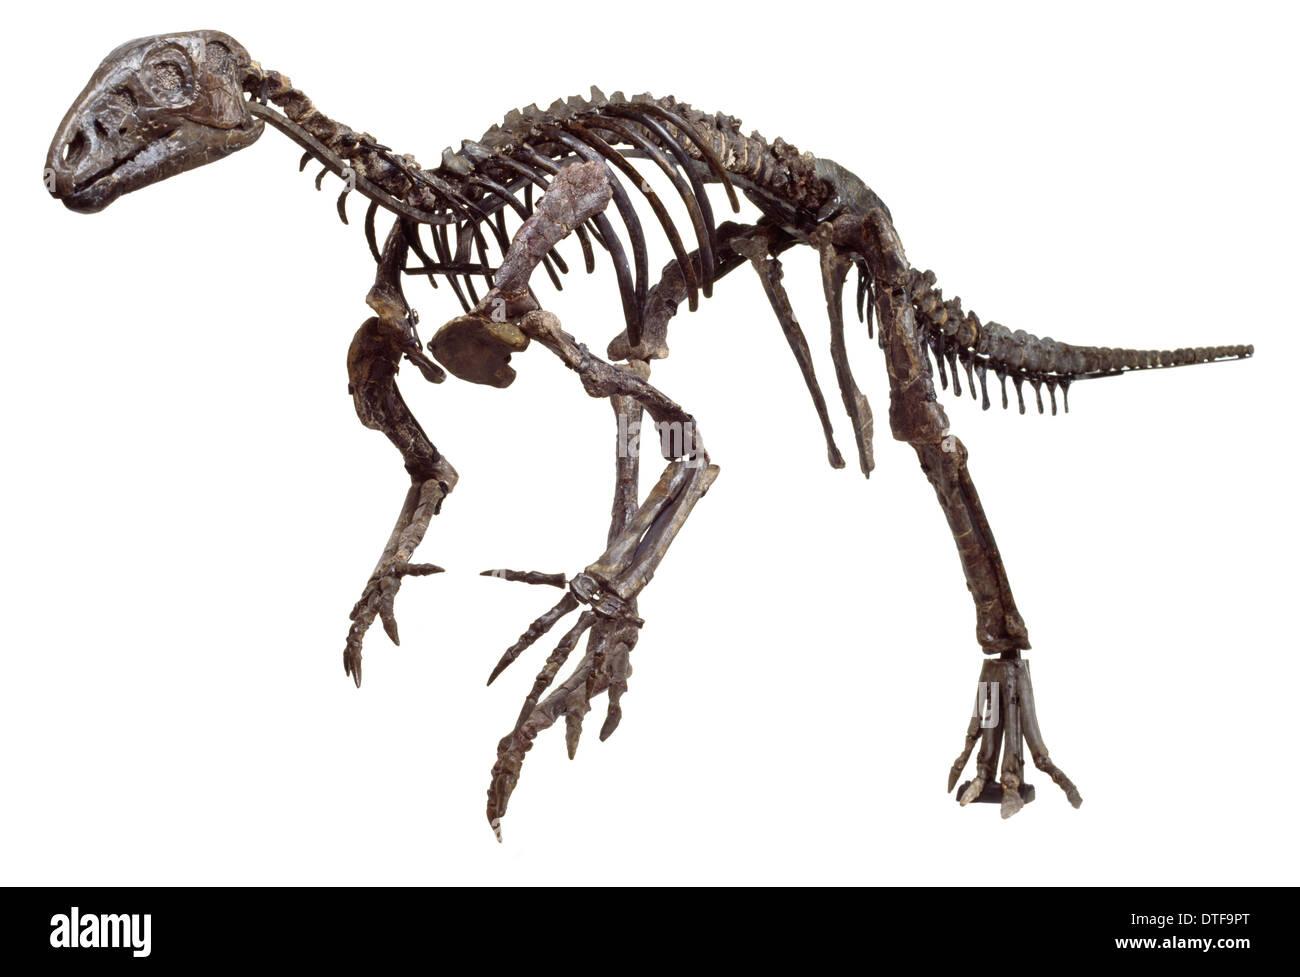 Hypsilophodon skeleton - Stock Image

* * *

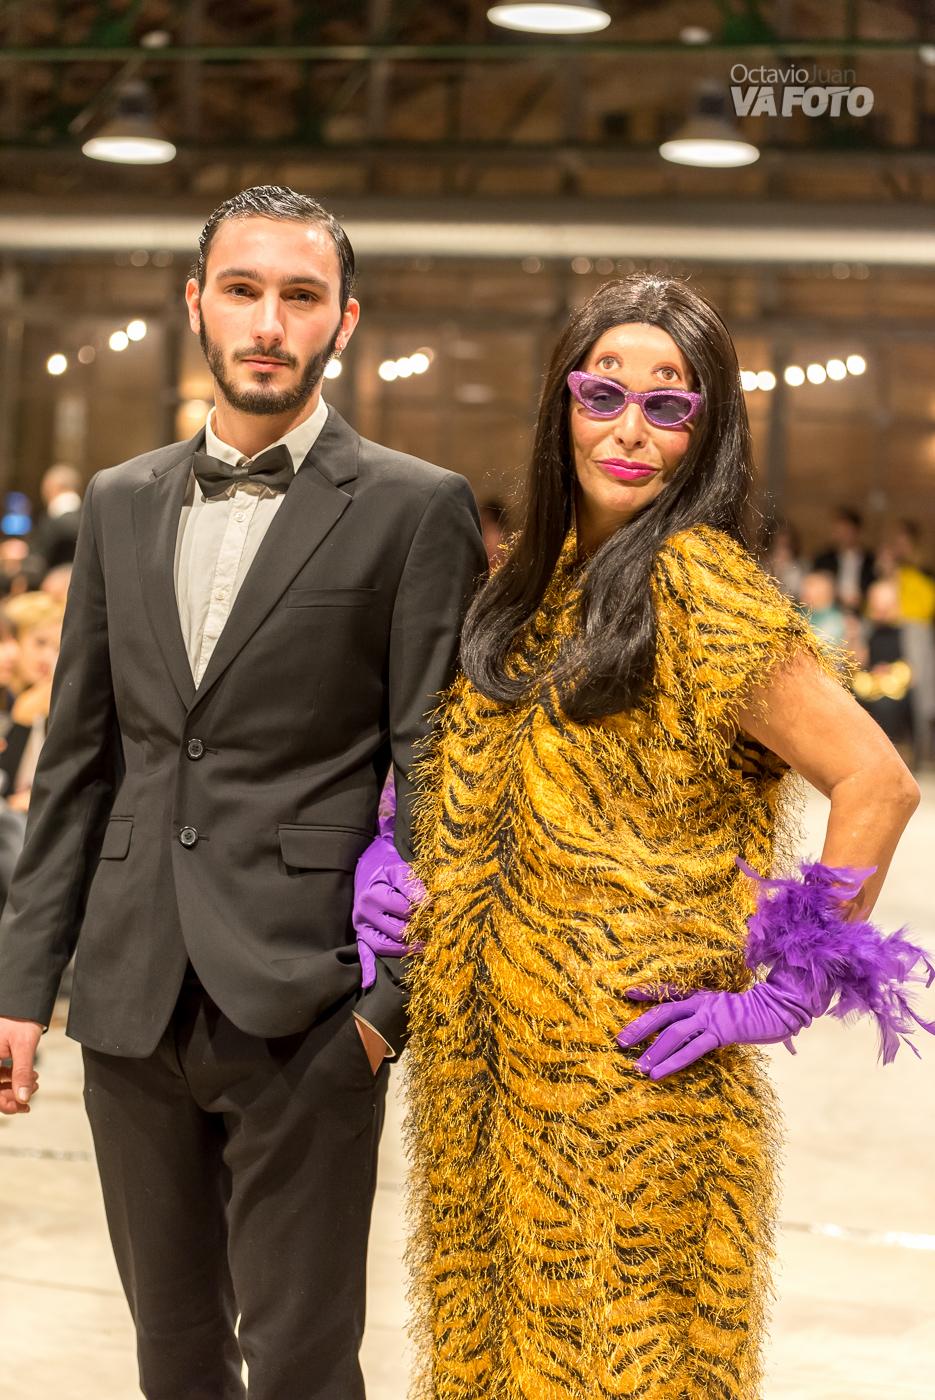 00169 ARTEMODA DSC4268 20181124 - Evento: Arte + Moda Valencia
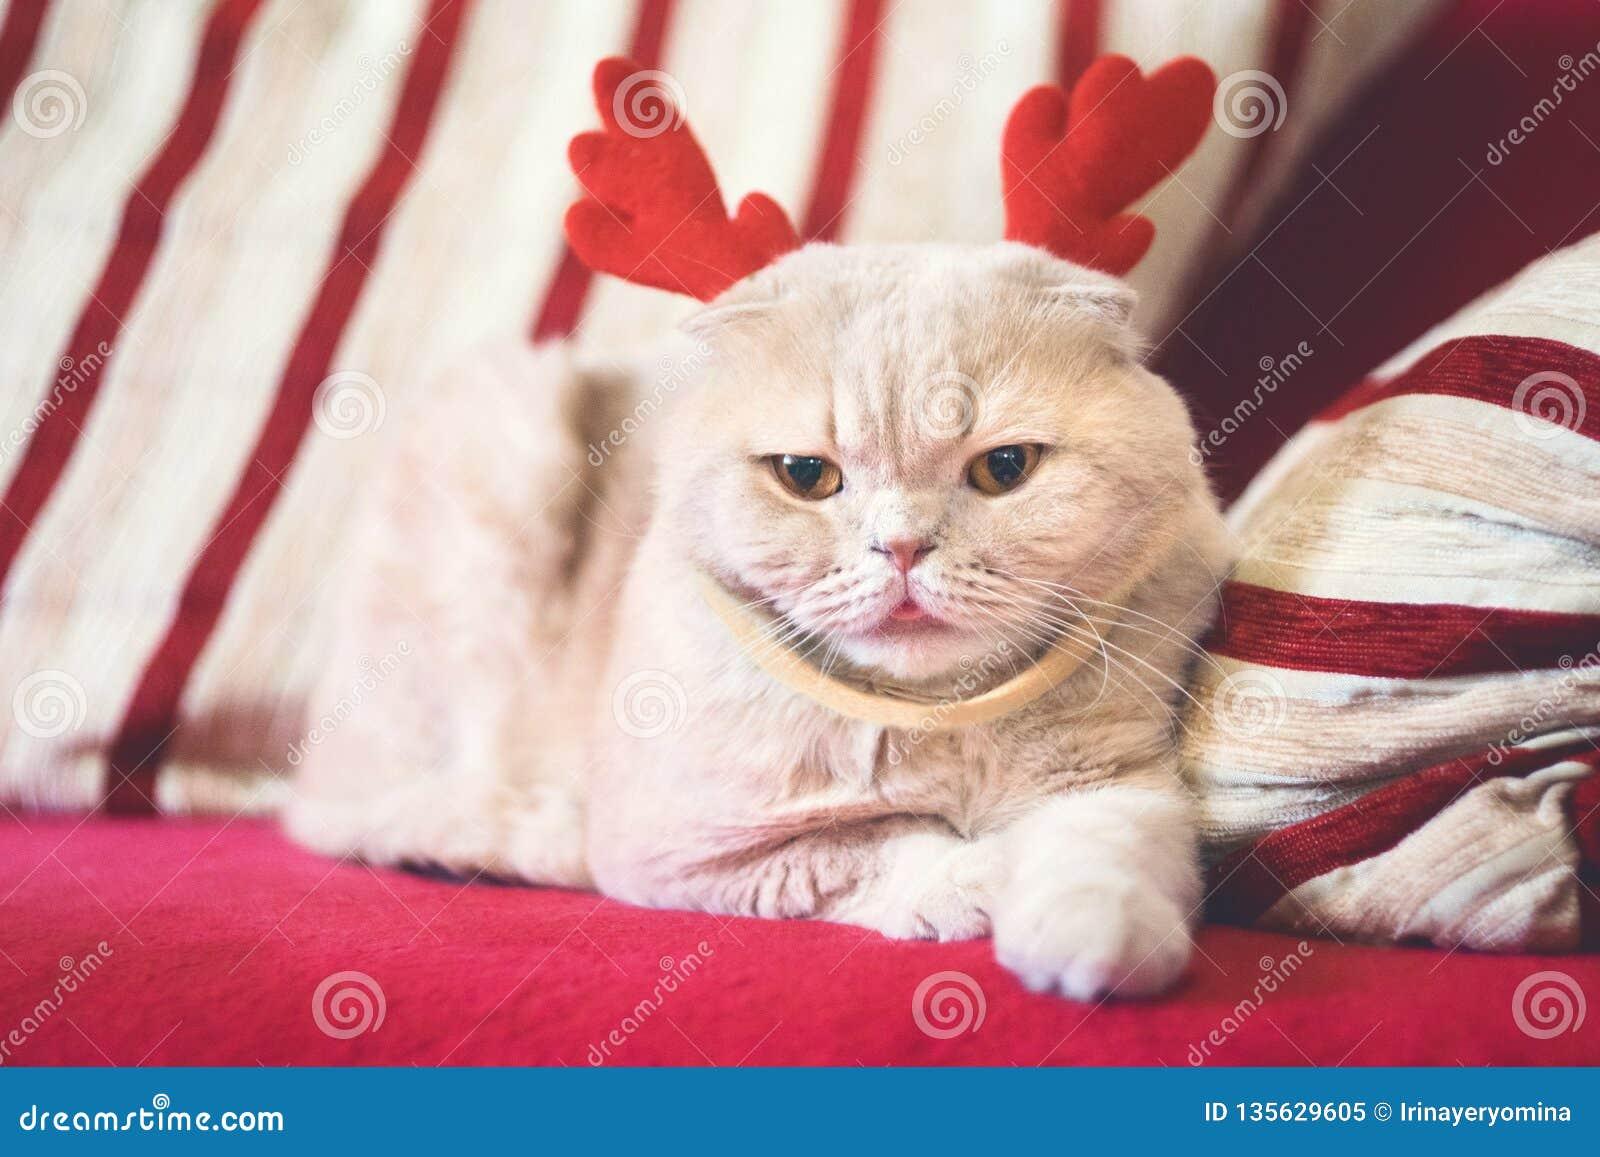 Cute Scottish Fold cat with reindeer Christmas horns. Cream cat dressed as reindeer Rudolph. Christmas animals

◆ Work order: What you need to produce is an exact copy of the entries above, limited to the lines from the one with "00169 ARTEMODA DSC4268" up to and including the one with "Cute Scottish Fold", without pictures.

◆ Result for this task:
 00169 ARTEMODA DSC4268 20181124 - Evento: Arte + Moda Valencia
 Cute Scottish Fold cat with reindeer Christmas horns. Cream cat dressed as reindeer Rudolph. Christmas animals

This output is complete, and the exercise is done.